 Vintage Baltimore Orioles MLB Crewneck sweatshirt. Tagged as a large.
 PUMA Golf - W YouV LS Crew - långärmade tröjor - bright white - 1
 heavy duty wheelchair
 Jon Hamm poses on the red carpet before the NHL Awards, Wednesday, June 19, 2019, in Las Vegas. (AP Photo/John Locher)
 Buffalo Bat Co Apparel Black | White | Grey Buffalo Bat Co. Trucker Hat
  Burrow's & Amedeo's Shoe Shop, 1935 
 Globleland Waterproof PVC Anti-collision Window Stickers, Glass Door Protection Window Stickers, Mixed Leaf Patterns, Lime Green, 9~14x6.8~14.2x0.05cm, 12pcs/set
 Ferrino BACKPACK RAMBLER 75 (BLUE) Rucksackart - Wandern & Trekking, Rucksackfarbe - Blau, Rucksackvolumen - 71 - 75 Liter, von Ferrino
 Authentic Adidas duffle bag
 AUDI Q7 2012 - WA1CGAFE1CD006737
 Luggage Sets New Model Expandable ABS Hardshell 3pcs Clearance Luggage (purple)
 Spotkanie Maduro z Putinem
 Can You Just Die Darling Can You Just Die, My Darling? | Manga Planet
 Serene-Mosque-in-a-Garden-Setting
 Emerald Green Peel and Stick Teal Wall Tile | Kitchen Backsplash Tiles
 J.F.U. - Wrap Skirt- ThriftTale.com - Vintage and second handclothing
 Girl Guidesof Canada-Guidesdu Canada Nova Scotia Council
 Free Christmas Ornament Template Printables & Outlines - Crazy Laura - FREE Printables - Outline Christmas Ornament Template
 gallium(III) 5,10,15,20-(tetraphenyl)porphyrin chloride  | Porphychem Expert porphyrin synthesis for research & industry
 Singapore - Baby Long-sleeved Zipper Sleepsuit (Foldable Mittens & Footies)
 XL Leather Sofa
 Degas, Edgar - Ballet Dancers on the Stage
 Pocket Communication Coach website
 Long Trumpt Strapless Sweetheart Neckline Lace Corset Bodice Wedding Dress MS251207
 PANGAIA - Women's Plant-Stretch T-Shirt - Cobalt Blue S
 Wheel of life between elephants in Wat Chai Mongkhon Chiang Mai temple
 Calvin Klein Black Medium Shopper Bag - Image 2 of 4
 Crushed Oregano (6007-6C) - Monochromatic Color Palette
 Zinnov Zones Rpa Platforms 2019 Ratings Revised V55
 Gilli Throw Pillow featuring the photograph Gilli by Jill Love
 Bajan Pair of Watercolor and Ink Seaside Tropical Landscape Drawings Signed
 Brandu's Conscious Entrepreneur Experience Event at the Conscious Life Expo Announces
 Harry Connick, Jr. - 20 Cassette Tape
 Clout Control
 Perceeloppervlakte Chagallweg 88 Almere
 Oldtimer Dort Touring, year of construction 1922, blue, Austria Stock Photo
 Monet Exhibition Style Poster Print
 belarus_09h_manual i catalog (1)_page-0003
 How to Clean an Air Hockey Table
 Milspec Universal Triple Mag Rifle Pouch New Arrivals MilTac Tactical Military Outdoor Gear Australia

**********

** TRY IT **
Search the entries for "Green" and copy out each line that has it.

** RESPONSE TO THE TASK **
 Globleland Waterproof PVC Anti-collision Window Stickers, Glass Door Protection Window Stickers, Mixed Leaf Patterns, Lime Green, 9~14x6.8~14.2x0.05cm, 12pcs/set
 Emerald Green Peel and Stick Teal Wall Tile | Kitchen Backsplash Tiles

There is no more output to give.